## Work instructions
Give again, exactly as written, the lines of the records below from the line with "White Gangster Fedora" to the line with "Winco 901-P1 Clear". Both end lines count; pictures do not.

## Records provided
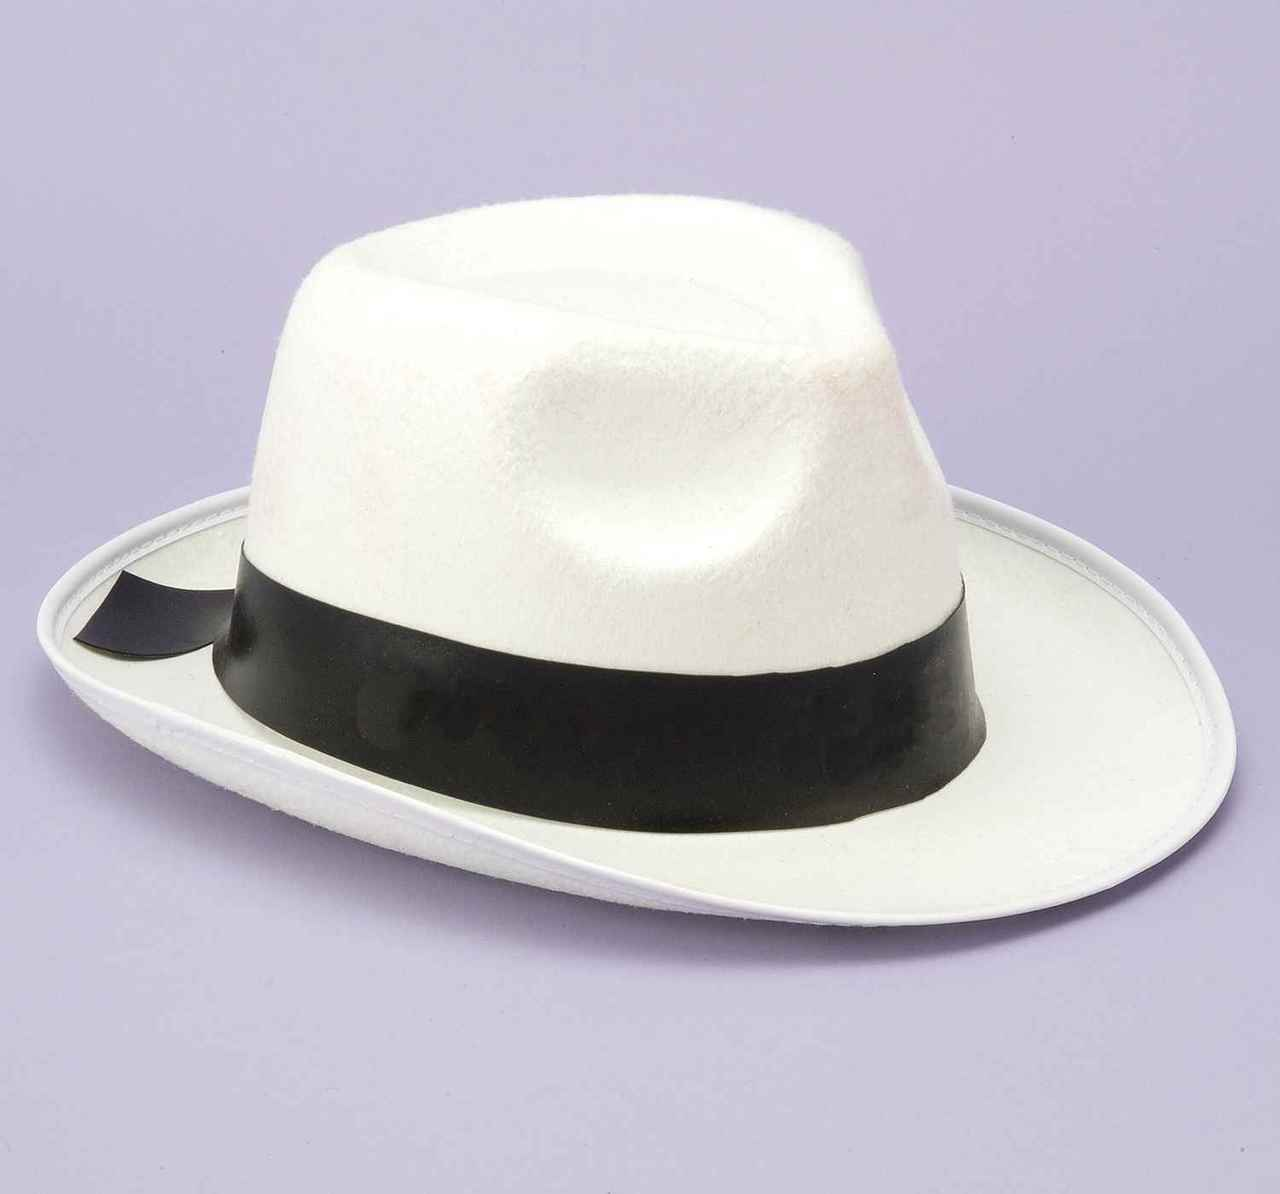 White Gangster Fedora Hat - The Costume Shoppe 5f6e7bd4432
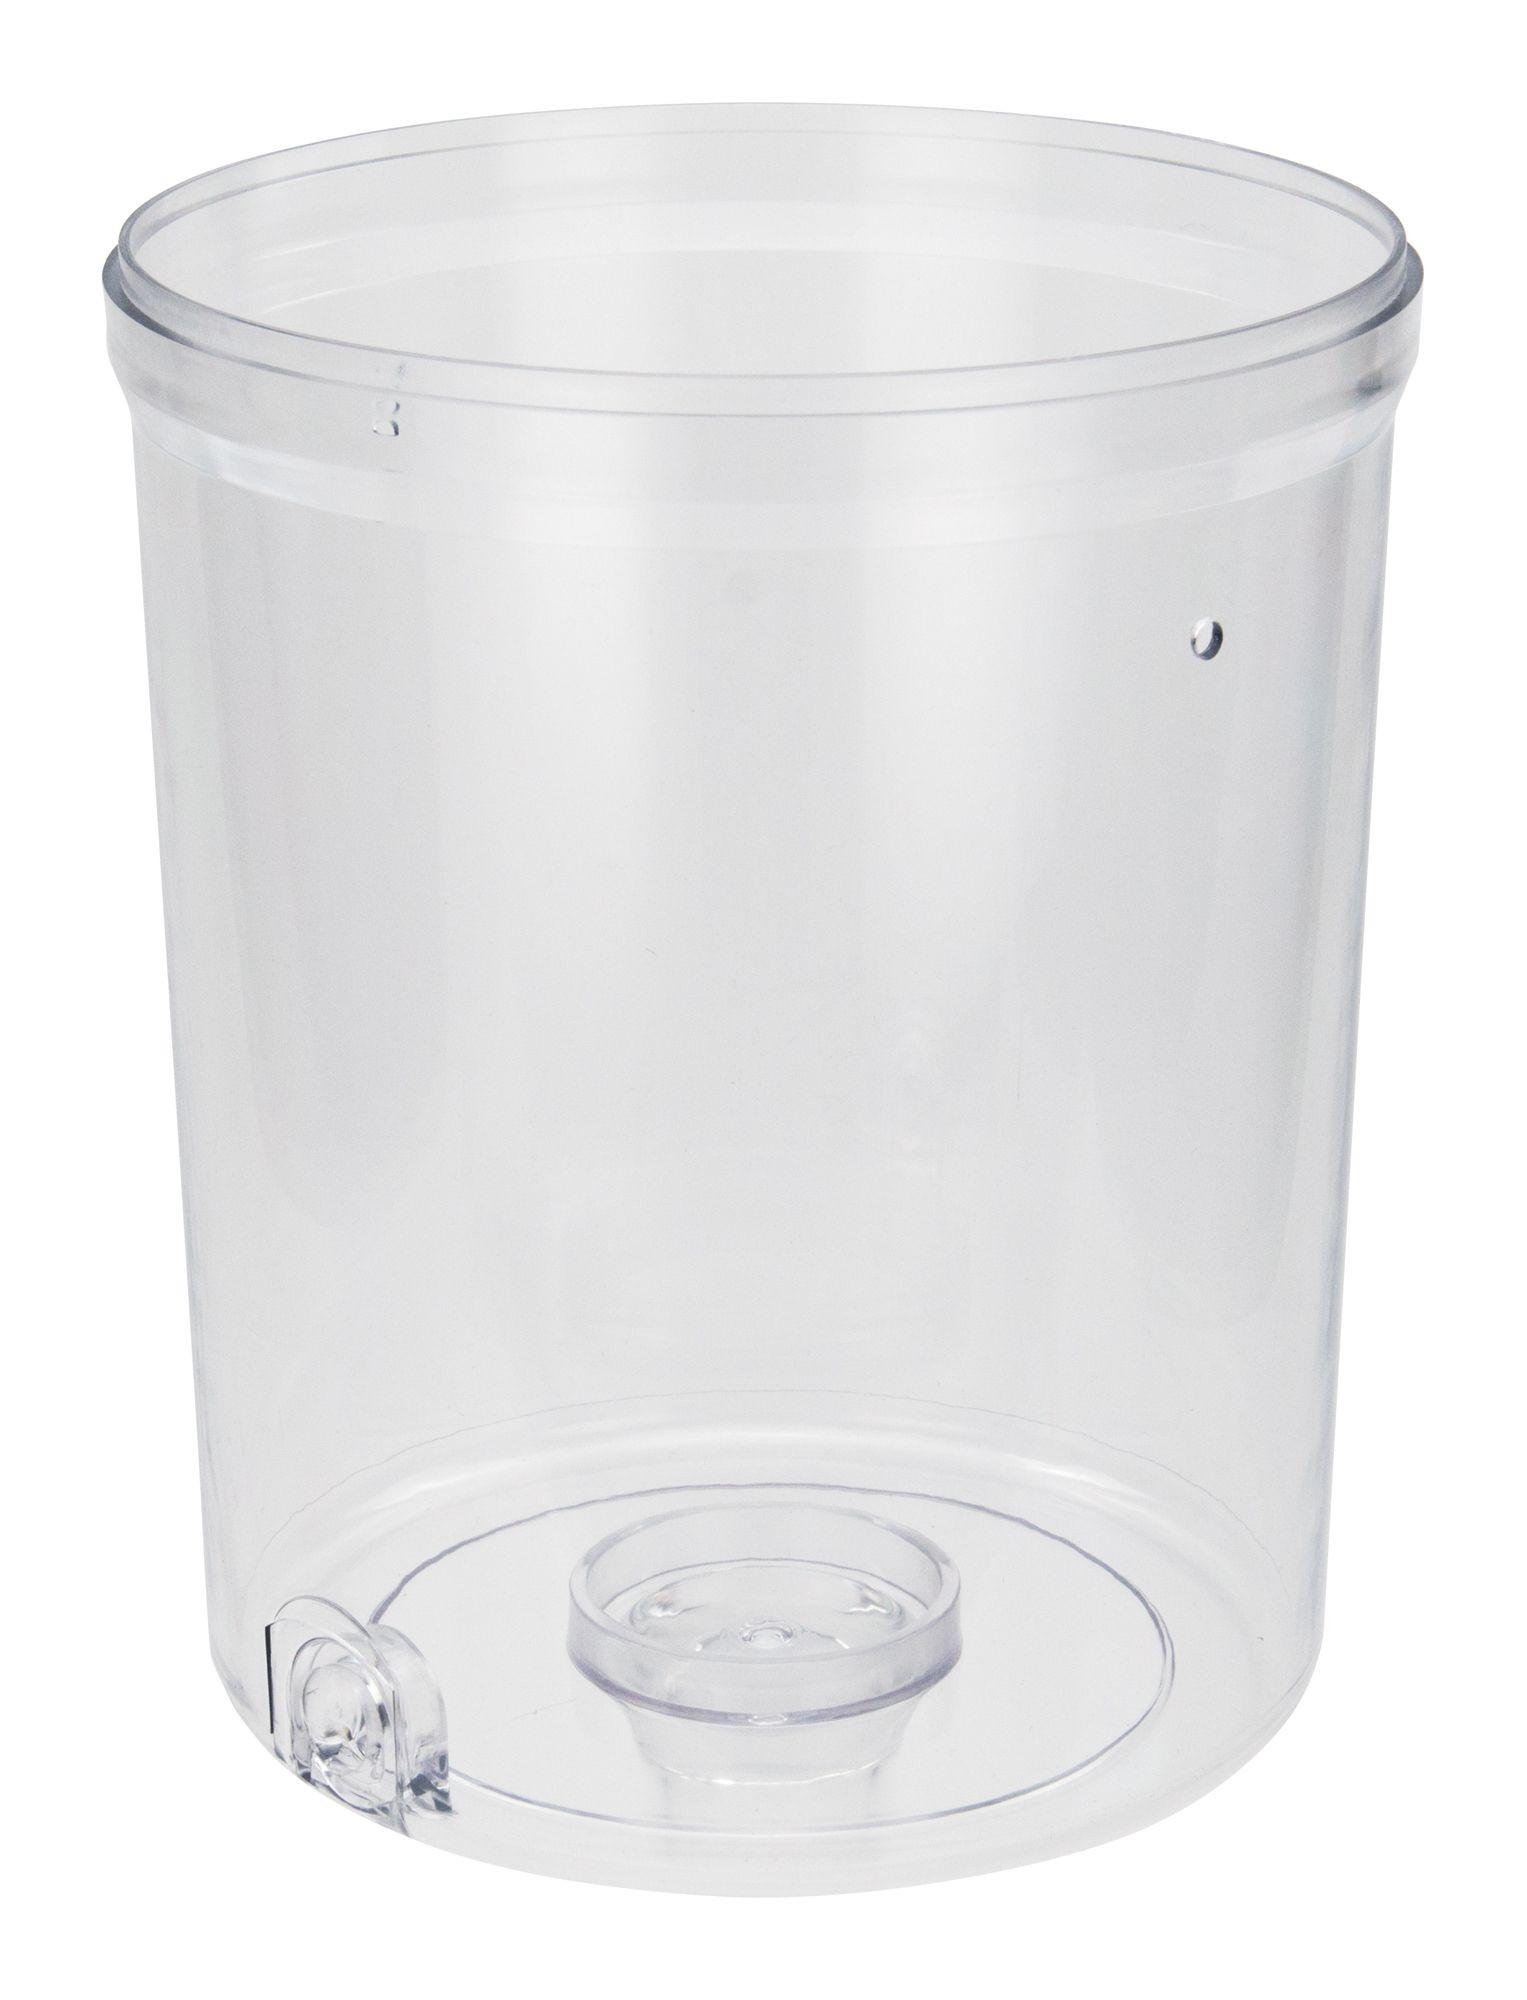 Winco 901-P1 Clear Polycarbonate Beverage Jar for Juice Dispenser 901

...

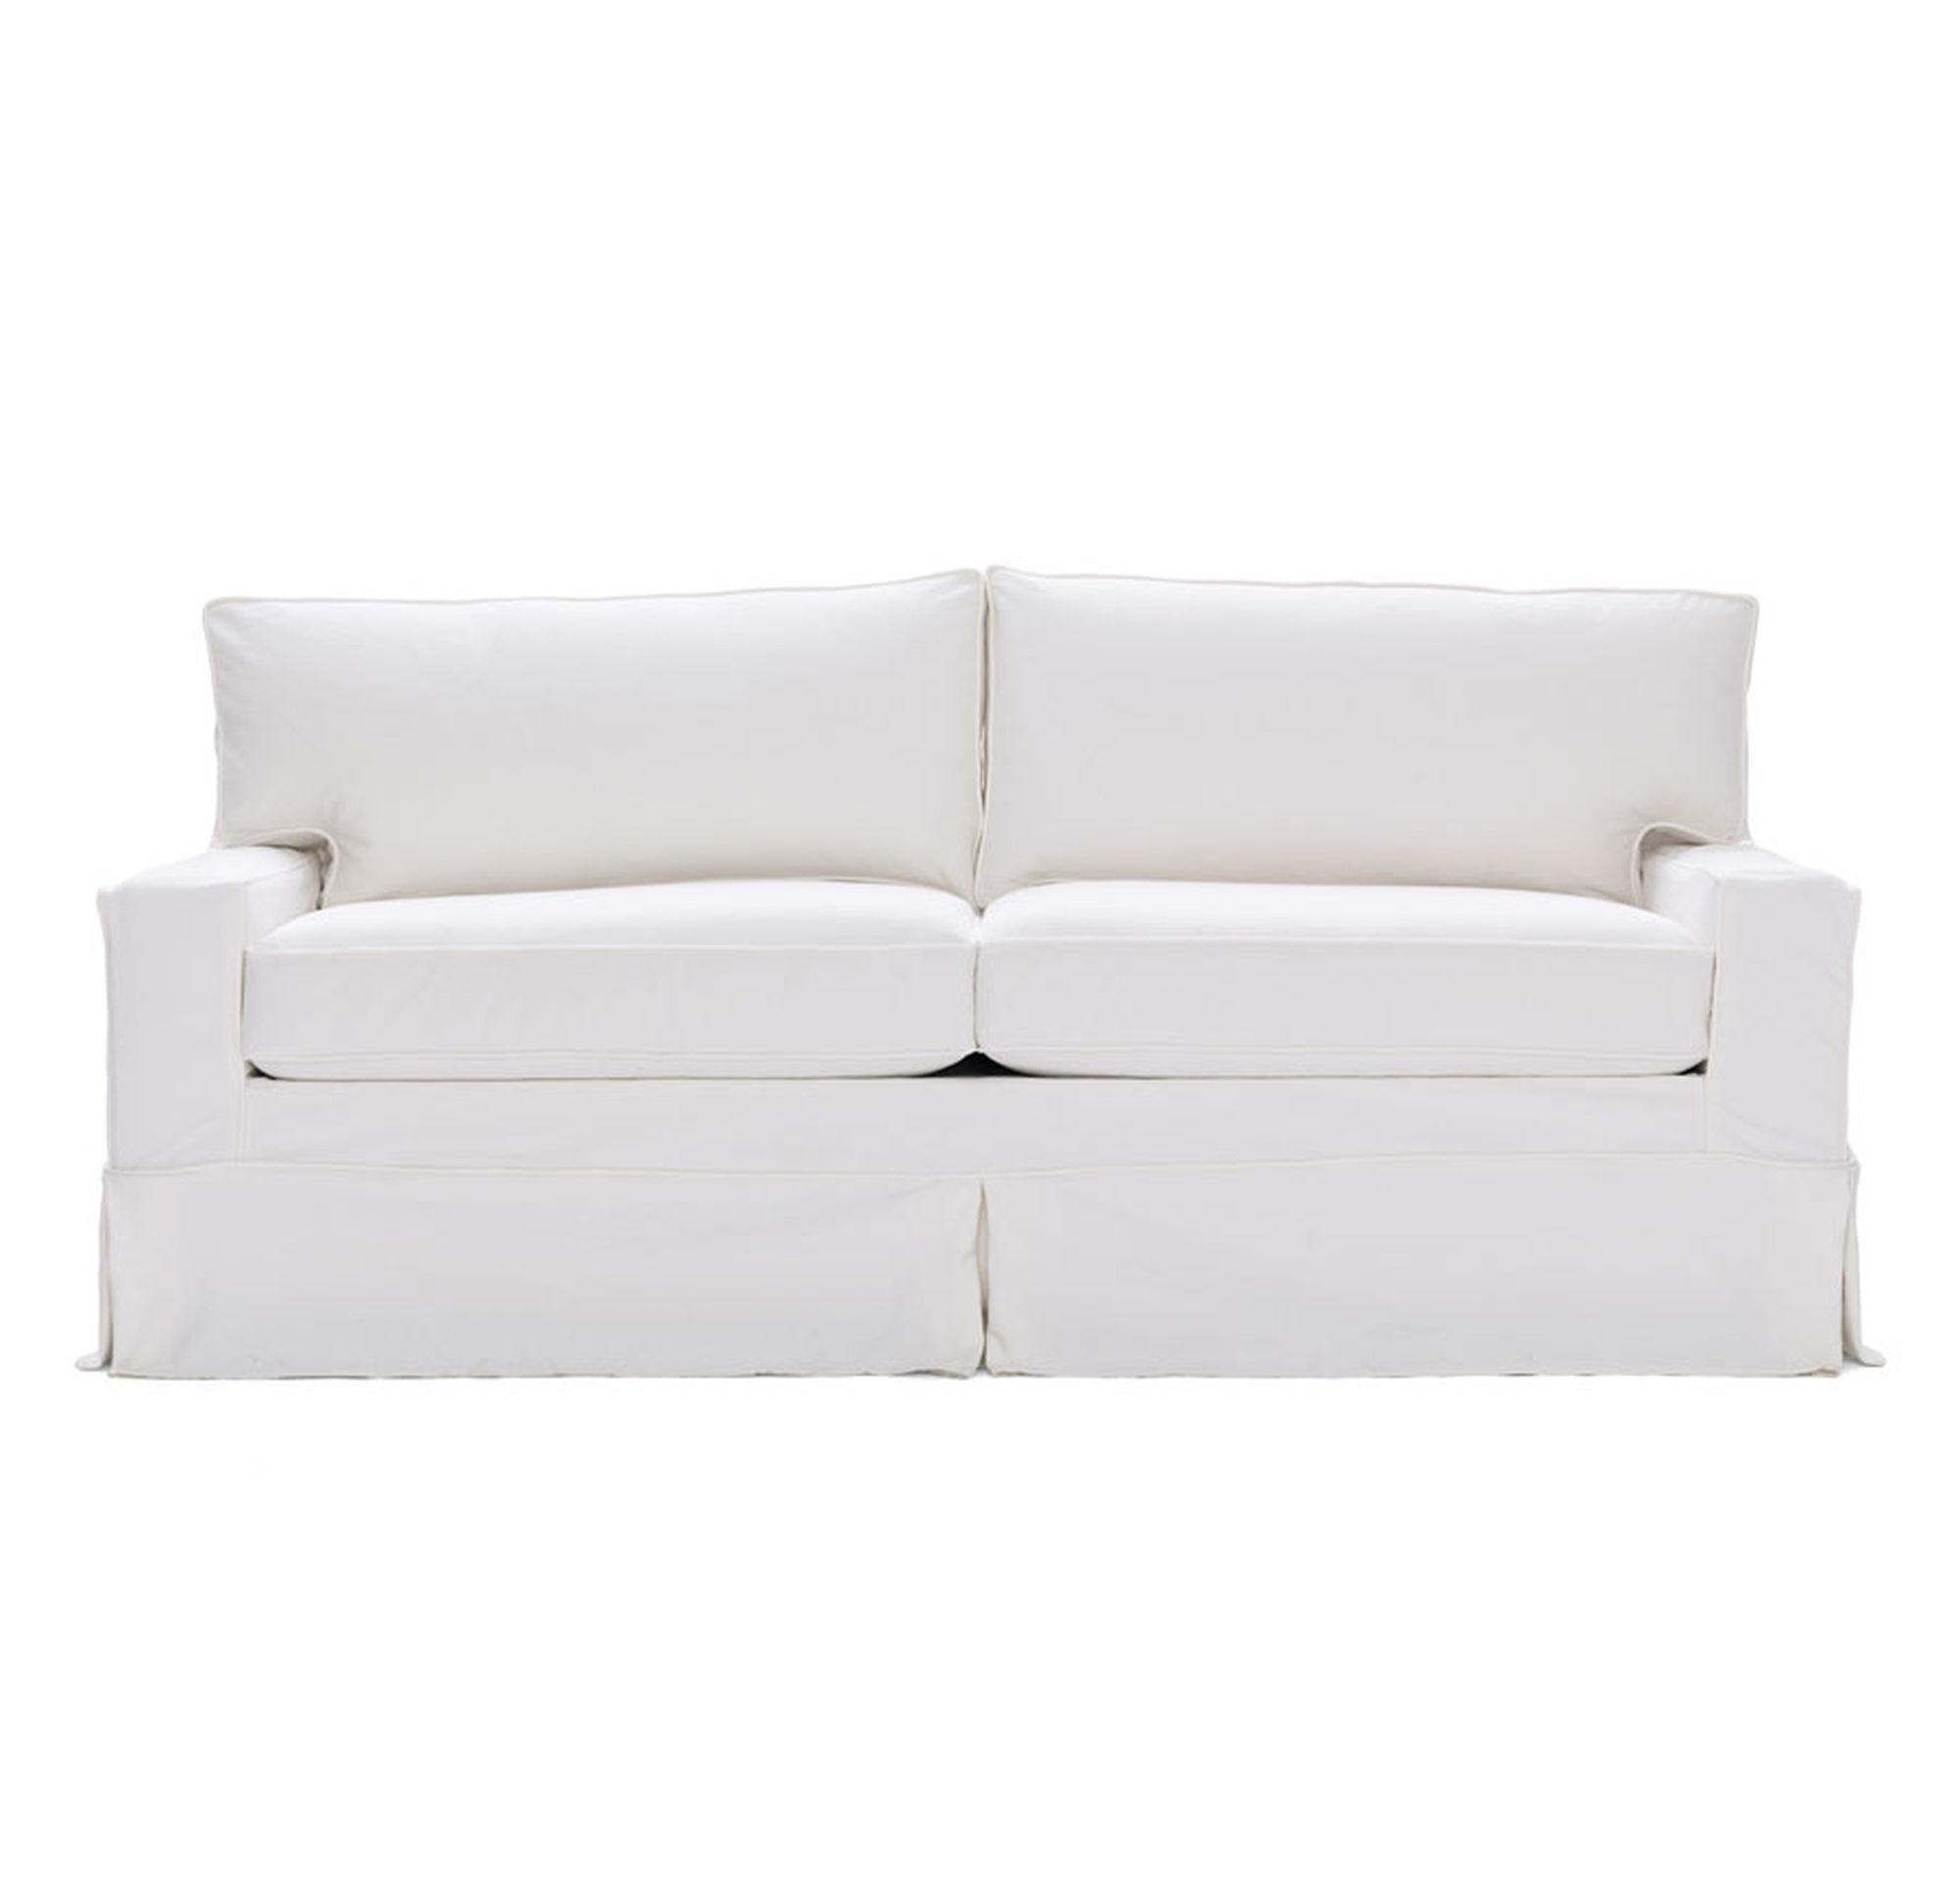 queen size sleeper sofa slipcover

## Result of the exercise
 White Gangster Fedora Hat - The Costume Shoppe 5f6e7bd4432
 Winco 901-P1 Clear Polycarbonate Beverage Jar for Juice Dispenser 901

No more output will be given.